GeoAI-Driven Cooperative UAV–UGV Systems for Integrated Precision Spraying and Field Monitoring in Smart Agriculture
Keywords:
GeoAI; cooperative robotics; precision agriculture; UAV–UGV systems; smart farming; precision spraying; field monitoring; multi-agent systems; sustainability; agricultural policyAbstract
The convergence of geospatial artificial intelligence (GeoAI) and heterogeneous robotic platforms is reshaping the landscape of precision agriculture by enabling synchronized aerial and ground operations. This paper presents a comprehensive systems-level examination of GeoAI-driven cooperative unmanned aerial vehicle (UAV) and unmanned ground vehicle (UGV) architectures designed for integrated precision spraying and field monitoring. We argue that the synergistic coupling of aerial coverage and ground-level intervention, mediated by real-time GeoAI analytics, offers transformative potential for reducing chemical usage, enhancing crop health surveillance, and improving operational efficiency in large-scale agricultural settings. The study systematically analyzes structural trade-offs in multi-agent coordination, including latency constraints, communication bandwidth limitations, energy budgeting, and sensor fusion dependencies. Particular attention is devoted to the governance of decentralized decision-making algorithms that balance local autonomy with global mission objectives, as well as the infrastructural requirements for edge-cloud computing in rural environments.
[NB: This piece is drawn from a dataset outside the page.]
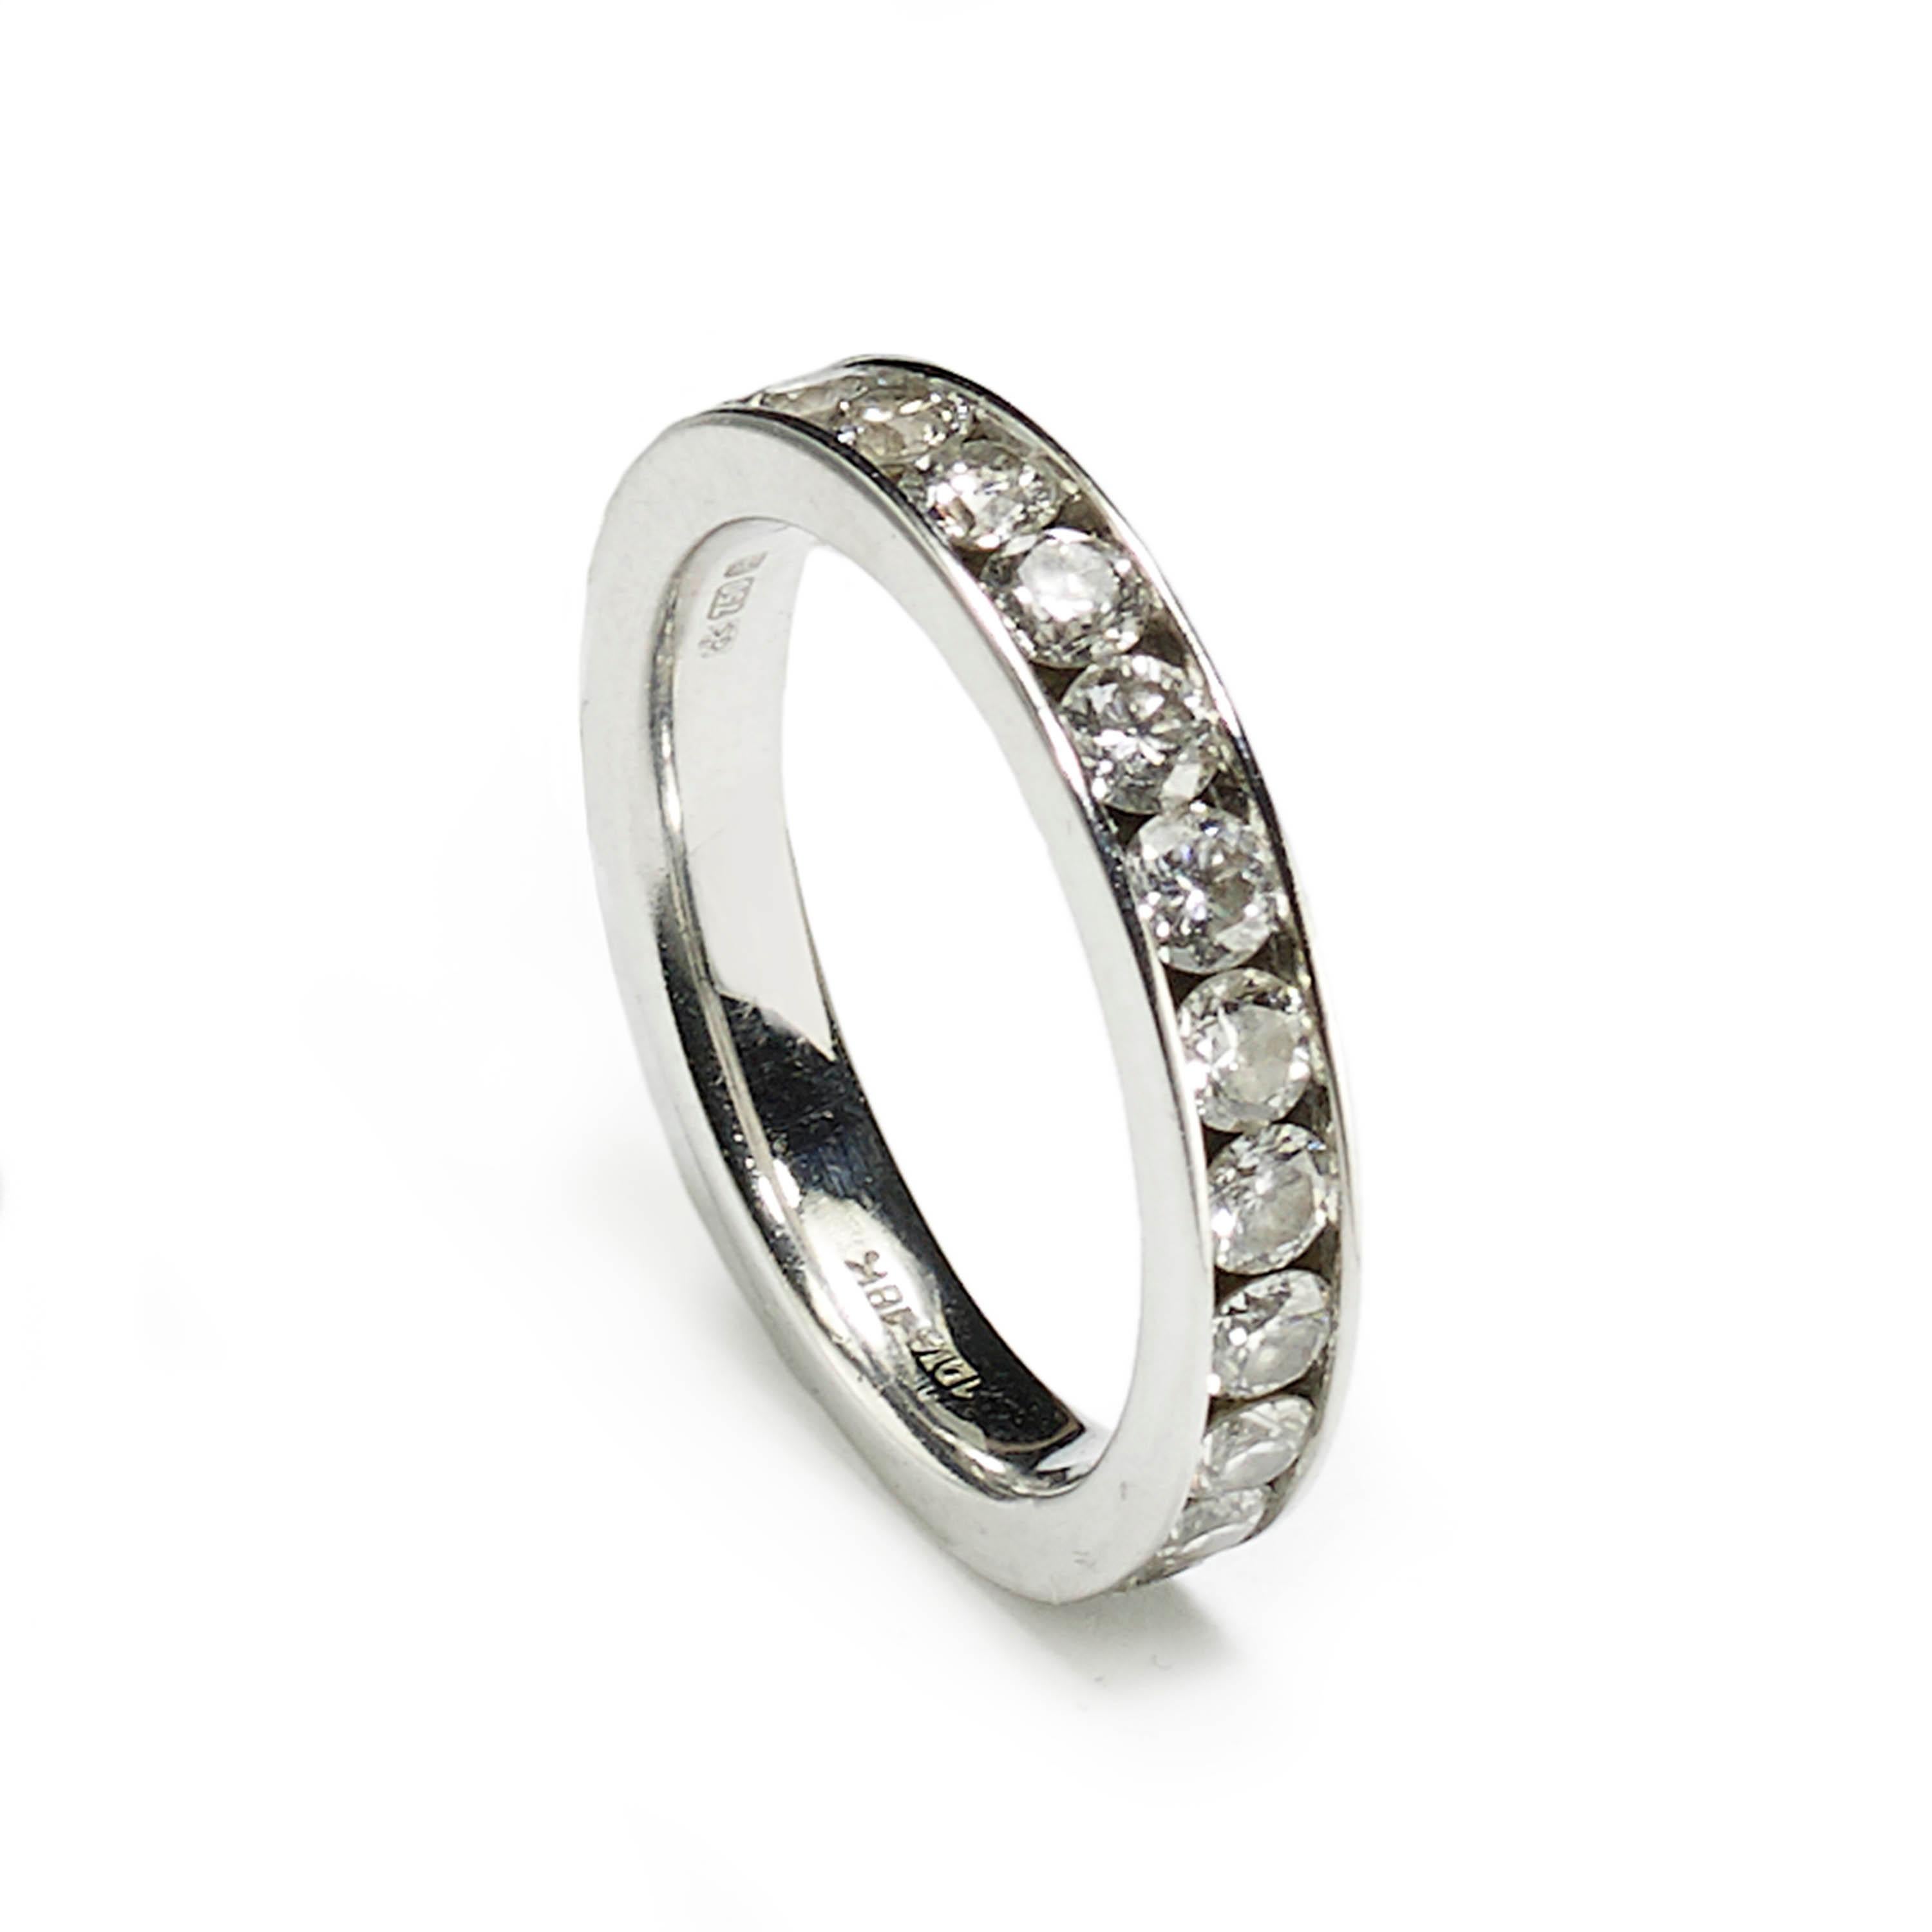 A diamond set half eternity ring, round brilliant-cut diamonds, weighing an estimated total of 1.04ct, in our opinion the colour and clarity are G-H, VS, in a channel setting, mounted in 18ct white gold.

Sustainability considerations are examined through the lens of lifecycle energy consumption, soil compaction avoidance, and reduction of agrochemical runoff. Policy implications are discussed with respect to airspace regulation, data sovereignty, and equitable access to advanced agricultural technologies. Through a series of conceptual case illustrations and cross-domain comparisons with analogous systems in environmental monitoring and disaster response, the paper identifies critical robustness challenges, such as GPS-denied navigation, adverse weather adaptation, and fault-tolerant reconfiguration. Forward-looking perspectives highlight the integration of foundation models for semantic scene understanding and the potential for autonomous negotiation among heterogeneous fleet agents. The findings underscore that the successful deployment of GeoAI-driven UAV–UGV systems requires not only technological innovation but also careful institutional design and adaptive governance frameworks.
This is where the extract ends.